WHAT THIS TASK INVOLVES: Keep the lines exact and the pictures out as you repeat the following listing.

SOURCE DATA:
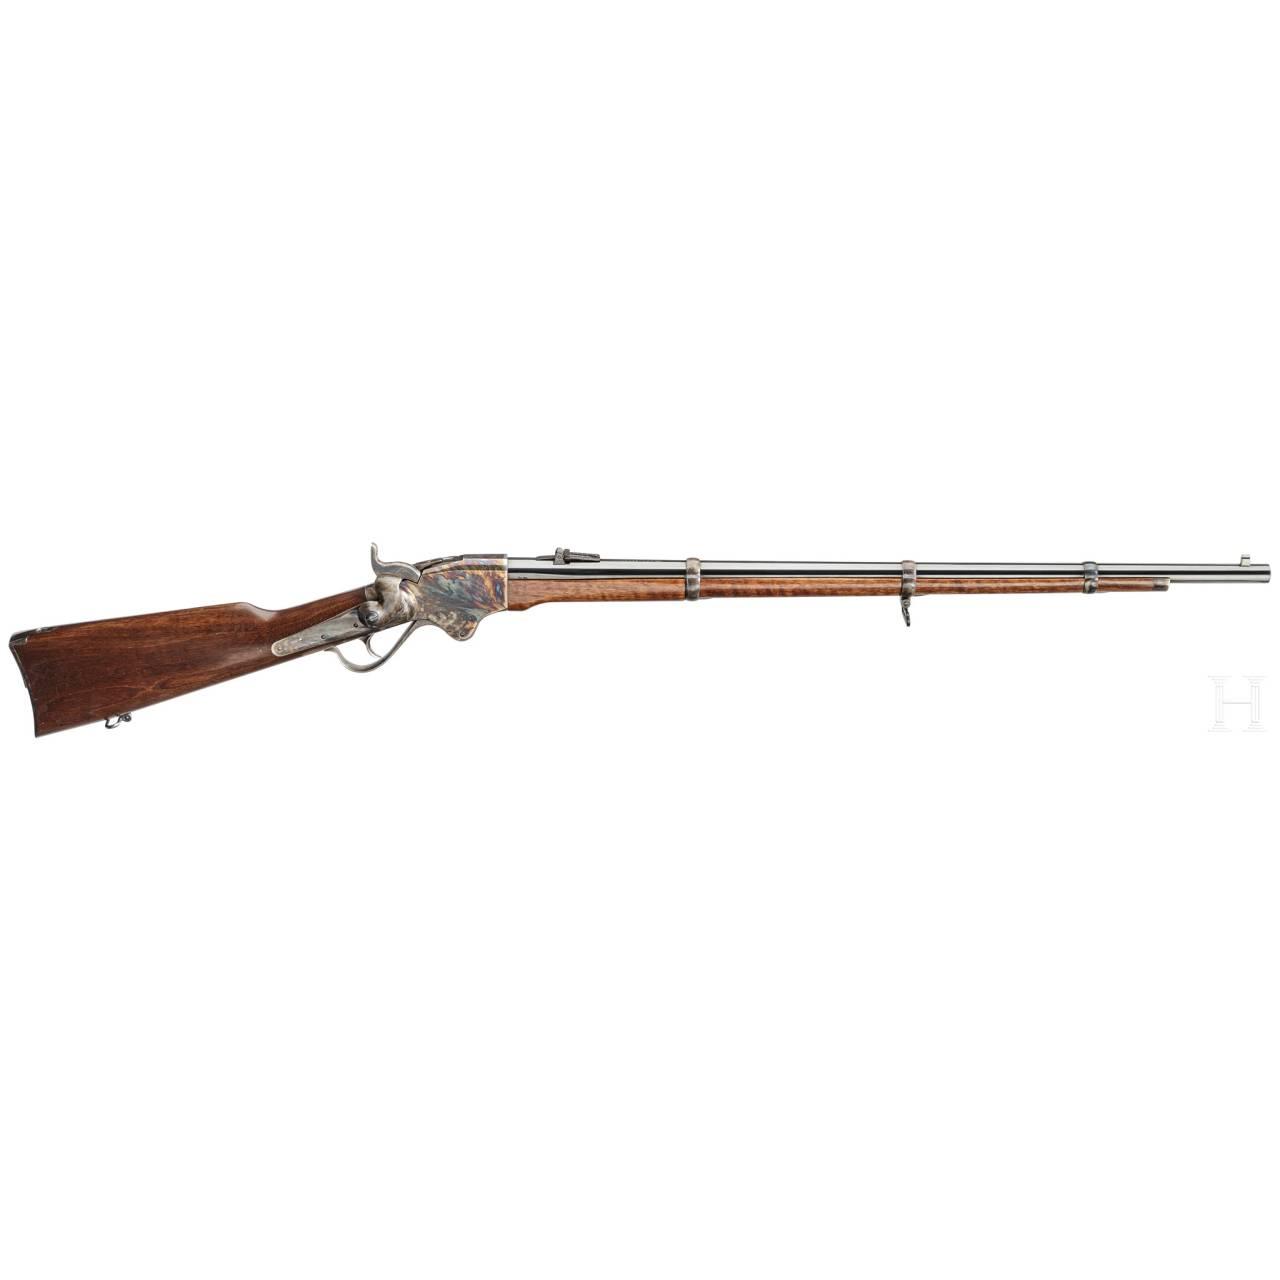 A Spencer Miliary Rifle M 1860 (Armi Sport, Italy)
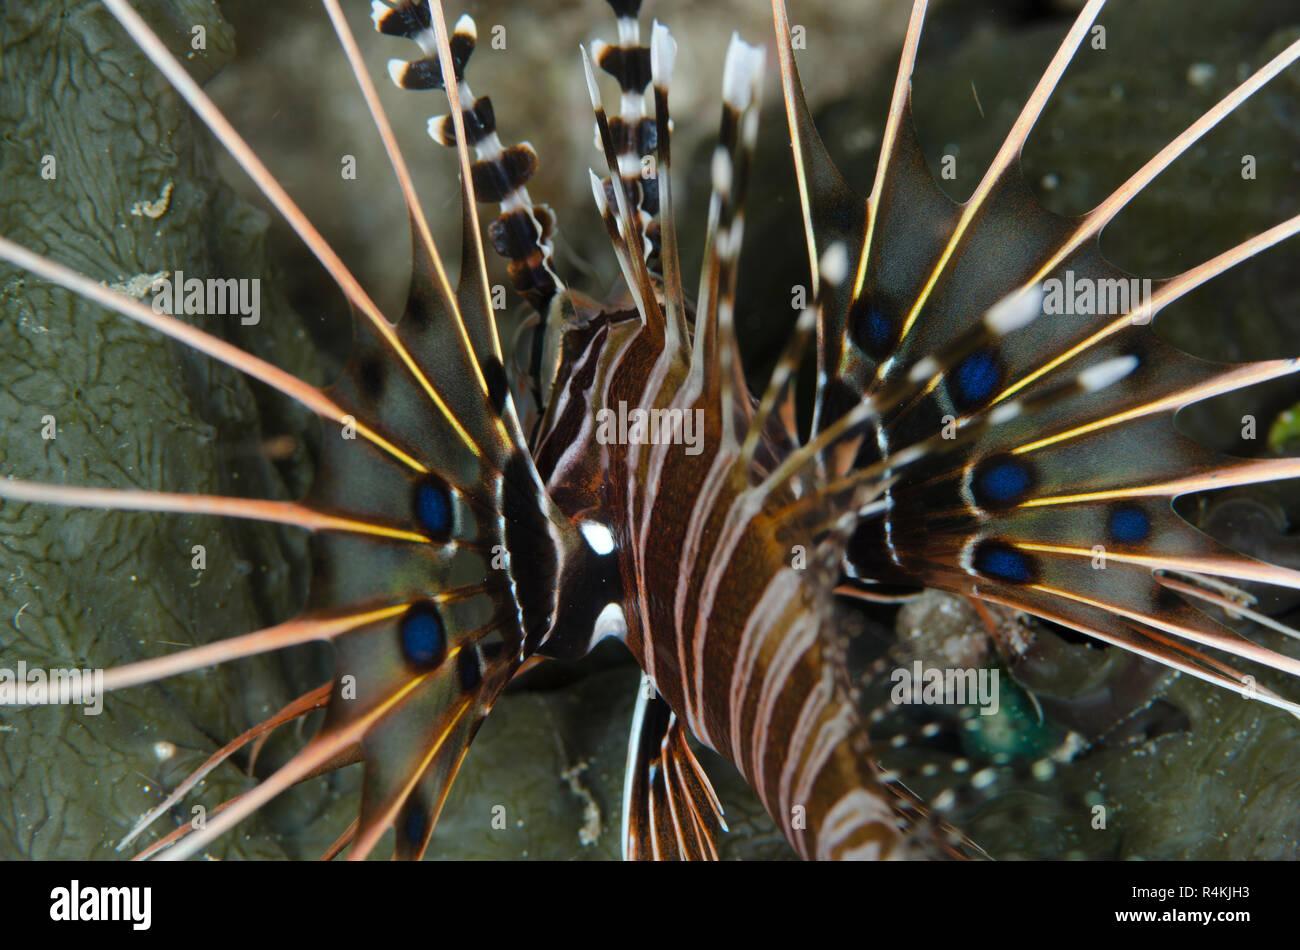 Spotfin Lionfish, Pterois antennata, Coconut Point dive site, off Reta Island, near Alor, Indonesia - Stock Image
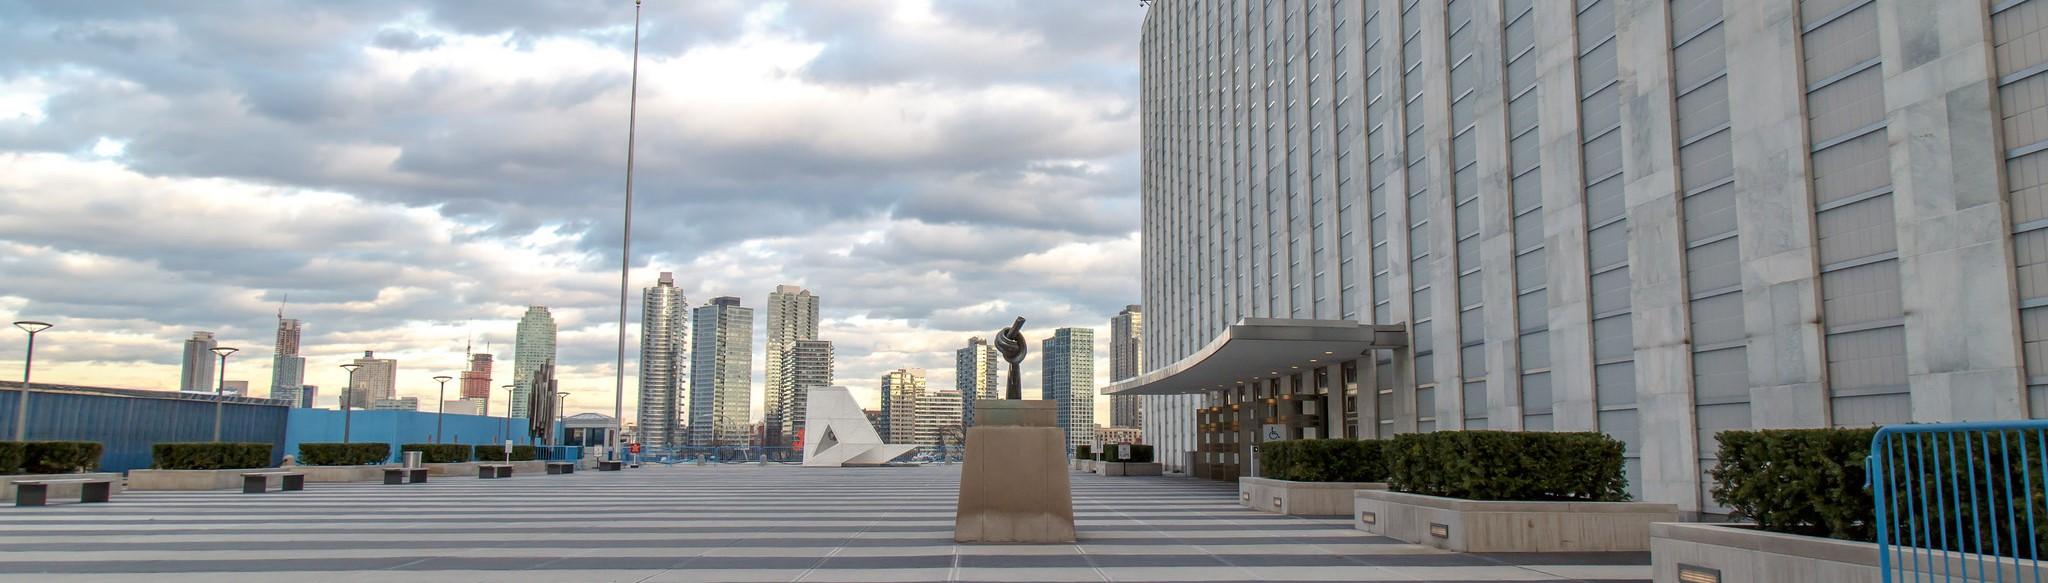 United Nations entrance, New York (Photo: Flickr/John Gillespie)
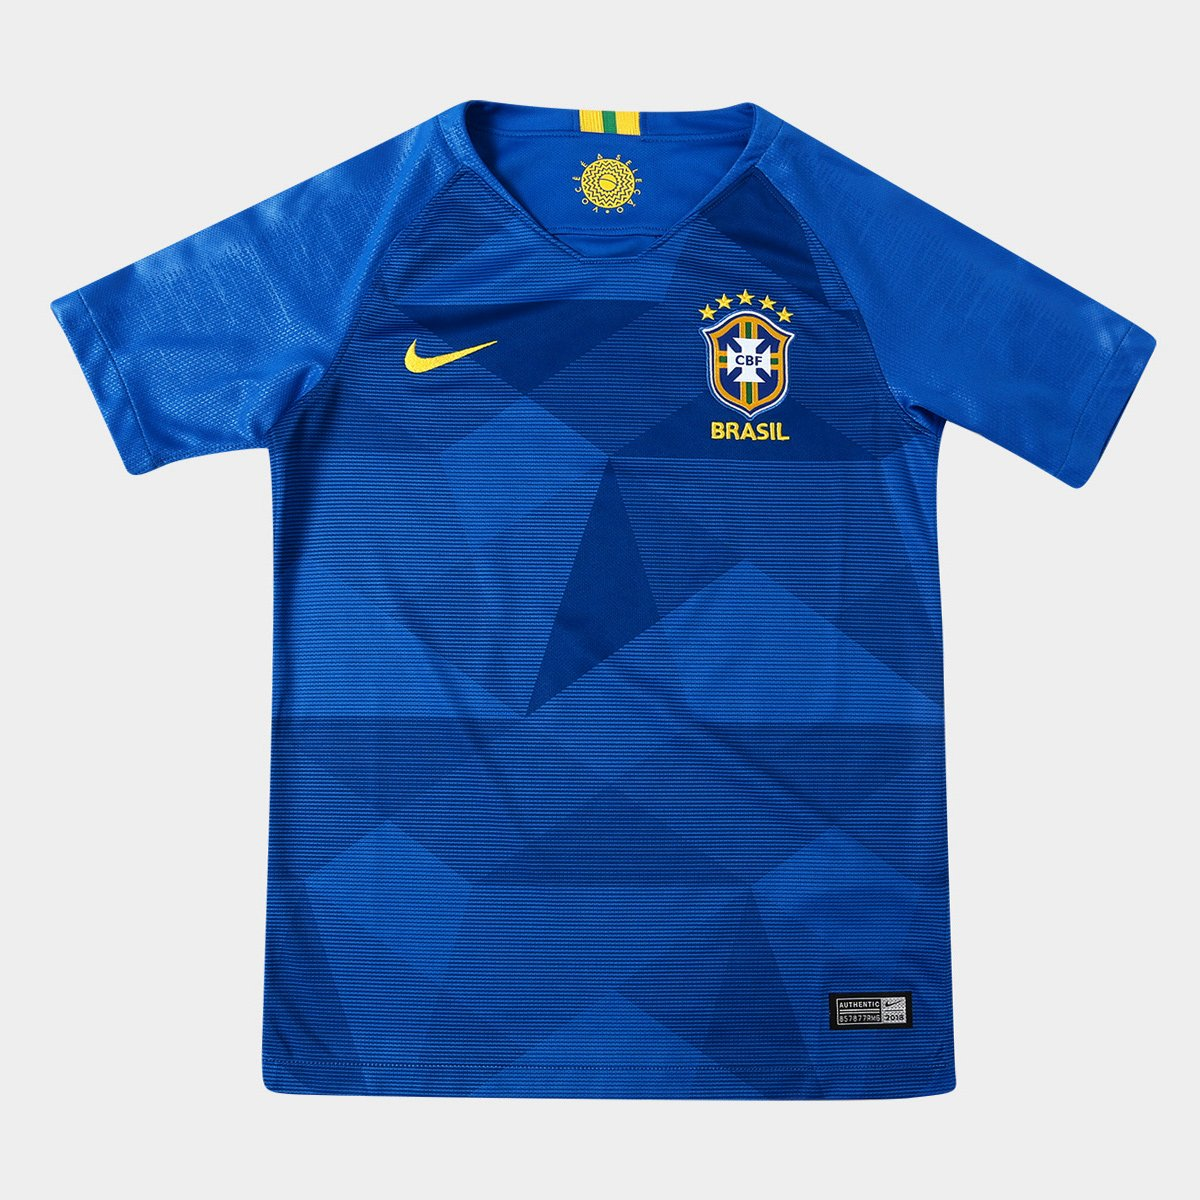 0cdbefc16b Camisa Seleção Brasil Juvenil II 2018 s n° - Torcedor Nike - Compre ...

EXERCISE OUTPUT:
 A Spencer Miliary Rifle M 1860 (Armi Sport, Italy)
 Spotfin Lionfish, Pterois antennata, Coconut Point dive site, off Reta Island, near Alor, Indonesia - Stock Image
 United Nations entrance, New York (Photo: Flickr/John Gillespie)
 0cdbefc16b Camisa Seleção Brasil Juvenil II 2018 s n° - Torcedor Nike - Compre ...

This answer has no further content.